We are in a historical moment where music no longer has a clear chronology. Every artist’s music is always present, contemporary, and permanently aggregated into digital distributors and their algorithms. But the attitudes, ideas, and political messages embedded in music often evolve, change, and change over time. As an artist, is there anything you said or expressed that you now regret?
When an artist grows, changes, constantly changes and definitely to look back, there is something I no longer believe in, but naturally that is the case. Every human being – if he wants – learns, grows and changes. But I always prefer to say what I think, as I believe, than to remain silent for fear of regretting it later. It is necessary to be honest; Change is part of the journey.
Have you ever dreaded all of this?
Yes sure. It is normal to feel insecure and afraid of misunderstanding.
You work a lot with the body, with the aesthetics, with custom stories and characters. How has the field of music helped you identify yourself?
The music industry gave me the opportunity to explore different characters, to experiment with different storytelling. When I make music I always think of the body language that follows the song. For me, body language is related to identity. Making music allowed me to investigate who I was, and to understand who I was.

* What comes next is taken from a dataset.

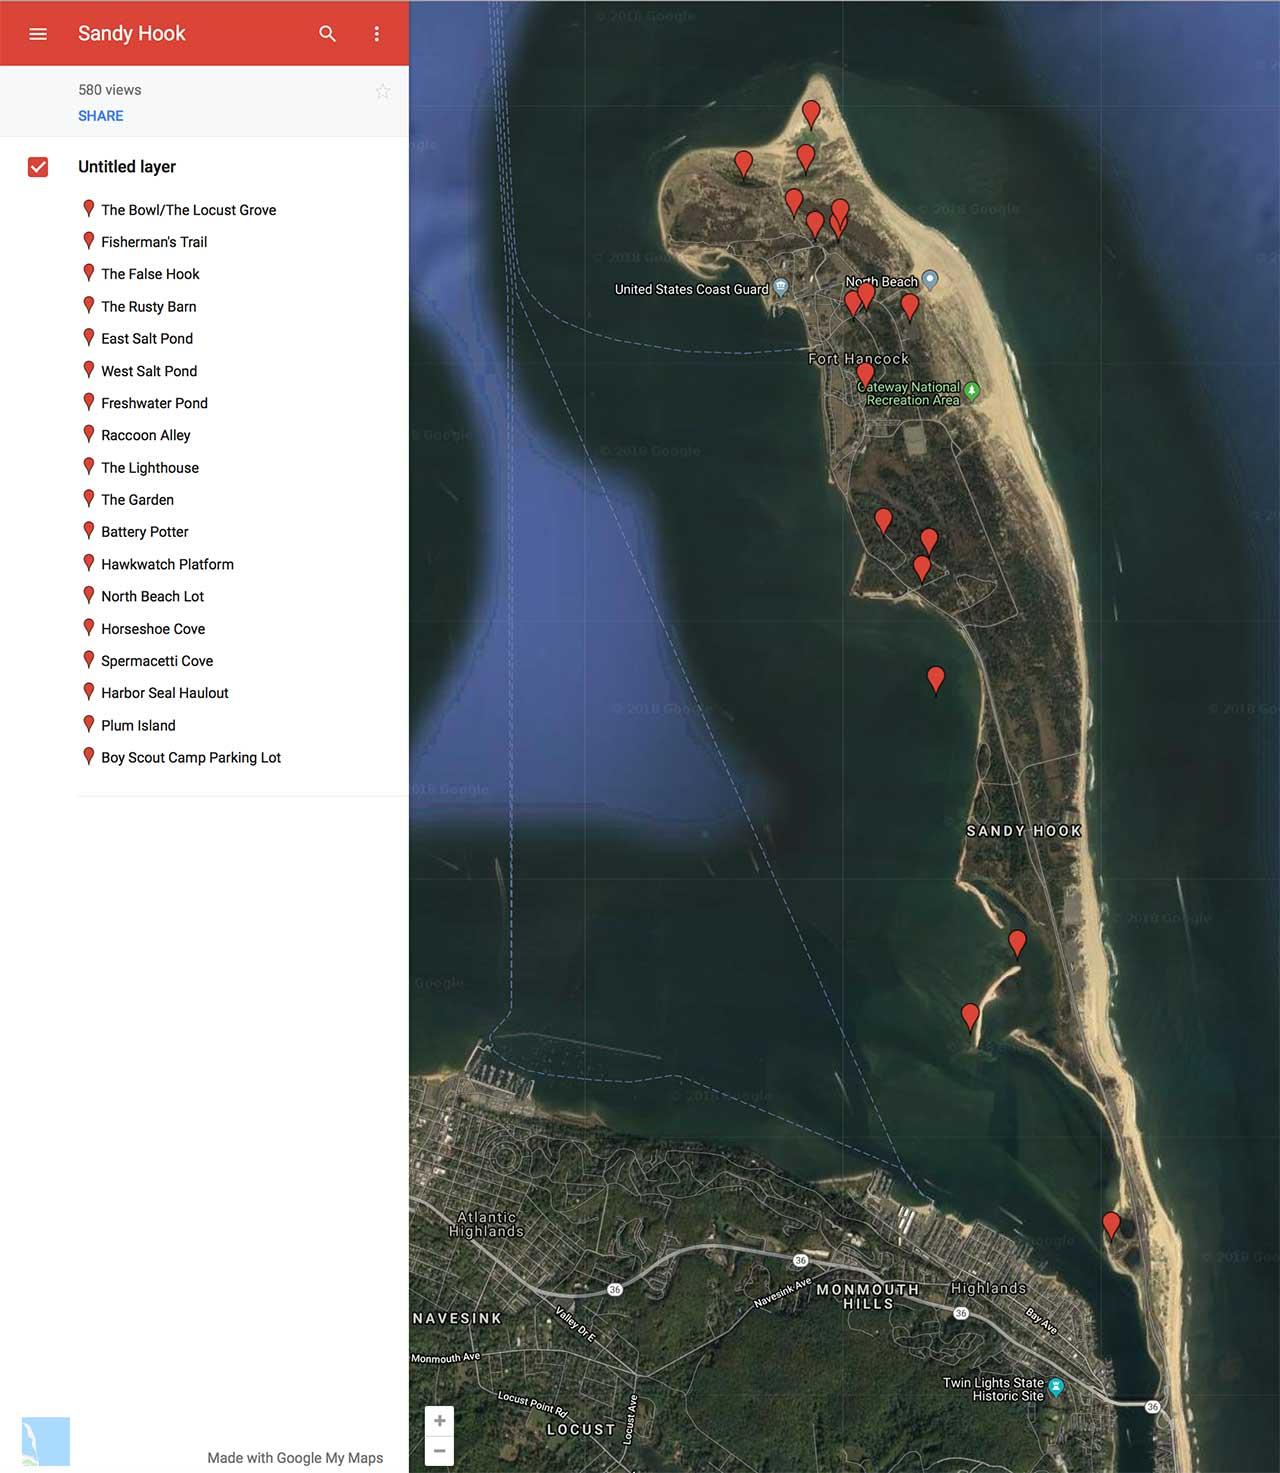 Washington Map Society.Sandy Hook Birding Washington Crossing Audubon Society Website

You are definitely a role model for the many young people who have finally had the opportunity to have a wide variety of identities being inspired in order to understand each other. When you were younger, who was your reference?
My dad made me fall in love with his legends, bright rock stars like Alice Cooper and David Bowie. You know, artists are bigger than life.
Being in the crowd at one of your concerts is great, people of all identities and genders are completely free to express themselves in a safe place. What is your relationship with your audience?
There is a reciprocal exchange between me and this wonderful community of people that I have had the pleasure of communicating with in recent years. I think we inspire each other, just look at the clothes you see in my concert, they are always more beautiful than mine.
I think there is a ferocious counterpart to that much love.
I must admit that there is a part of me that is happy with the extreme reactions it provoked because I think they arise when someone is faced with something they do not understand. This means that what you did got under your skin, created a shock, some questions, a confrontation. It is this confrontation that can lead to stepping out of the comfort zone. If I don’t get those reactions, I guess I’m not doing enough to push the boundaries.
You convey a deep love for what you do. What do you love most about this job?
My favorite thing is that music gives you the opportunity to build your own world within it, a world that can transcend the boundaries of reality and can expand and spread through each individual collaboration.